However, a read can – in principle – get aligned to two different transcripts with the same score. Earlier studies have shown that since sequencing is performed from the 3’ to the 5’ end, there is a certain bias towards the 3’ end of the transcripts [35], i.e, more reads are expected to come from a region near the 3’ end of a transcript. We observed the same effect as the density of reads was higher towards the 3’ end of the transcripts as compared to the 5’ end (Supp Fig.S1 and S2). Hence, in the scenario where a read is aligned to two transcripts with the same score, we assigned the read to the transcript whose 3’ end is closest to the 3’ end of the read. AERON assumes that each long read represents an individual transcript molecule.
The final quantification of transcript t is done by simply counting the number of reads assigned to it and converting the count into Transcripts Per Million (TPM) values (Fig. 1d). Gene-level quantification is achieved by summing up the TPM values for all the transcripts belonging to a gene.
Comparison of sequencing protocols
Sequencing of a transcriptome generally involves synthesizing the complementary DNA (cDNA) and amplifying the cDNA using PCR. An alternative protocol is to directly synthesize the single stranded RNA (DirectRNA) [36]. To measure the performance of AERON on data generated from the above two protocols, we downloaded two ONT datasets from the NA12878 cell line [37]. The first contained 15M sequences obtained using the cDNA protocol and the second 10M sequences obtained using the DirectRNA protocol. We ran AERON on these two datasets separately. As expected, a higher density of reads in both datasets aligned closer to the 3’ end of the transcript (Supp. Fig. S2). This 3’ bias was stronger in alignments of DirectRNA reads as compared to reads from the cDNA dataset.
Further, we computed the expression levels of all known Ensembl genes and transcripts (version 92) for both datasets. Out of 58,336 annotated Ensembl genes, 28,584 and 28,021 genes were identified using the cDNA and DirecRNA dataset, respectively. 25,823 genes were commonly identified in both. Similarly, out of 203,675 annotated transcripts, 102,748 and 107,030 transcripts were identified from the DirectRNA and cDNA subset, respectively. 85,697 transcripts were commonly detected in both. Figure 2 shows a comparison between the protocols at gene and transcript level. We found gene expression levels to be highly correlated across the protocols (Spearman r=0.90). Expectedly, at the transcript level, the correlation between the expression estimates from the two protocol was lower, but still in reasonable agreement (Spearman r=0.68, Figure 2b). Further, we randomly divided the reads of NA12878 dataset into three subsets and ran AERON on the three subsets seperately with default parameters. We calculated the gene level and transcript level expression for the three subsets. We found both the gene level and transcript level estimates to be highly correlated to each other (Supp. Fig. S2 and S3). Based on the above experiments we were able to assert the fact that ONT data quantified using AERON produces reproducible quantification.

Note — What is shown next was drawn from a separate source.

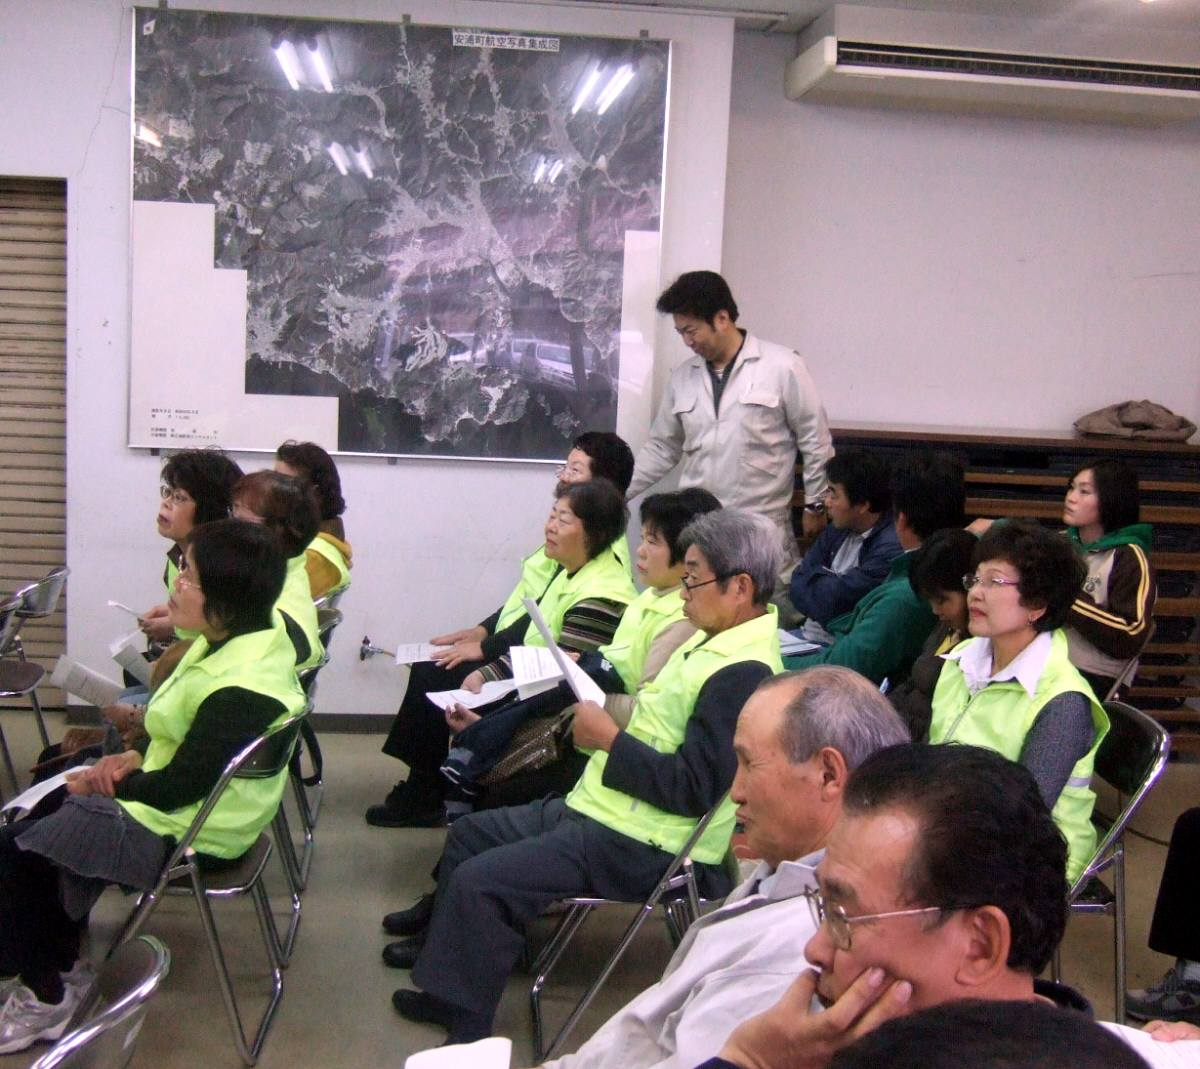 安浦町まちづくり活動事業助成報告会_e0175370_1335171.jpg

Comparison with other methods
To further test the performance of AERON, we generated 2M ONT reads from the K562 cell line. We aligned and quantified the NA12878 and K562 reads against the human Ensembl transcriptome. In the K562 dataset, more than 80% of the reads were aligned with a median length of 398. For NA12878, 96% of the reads were aligned to the transcripts with a median length of 776. As expected, many of the unaligned reads were either short in length or contained many low quality bases, which suggests they contain too many errors to determine their origin correctly (Supp. Fig. S5).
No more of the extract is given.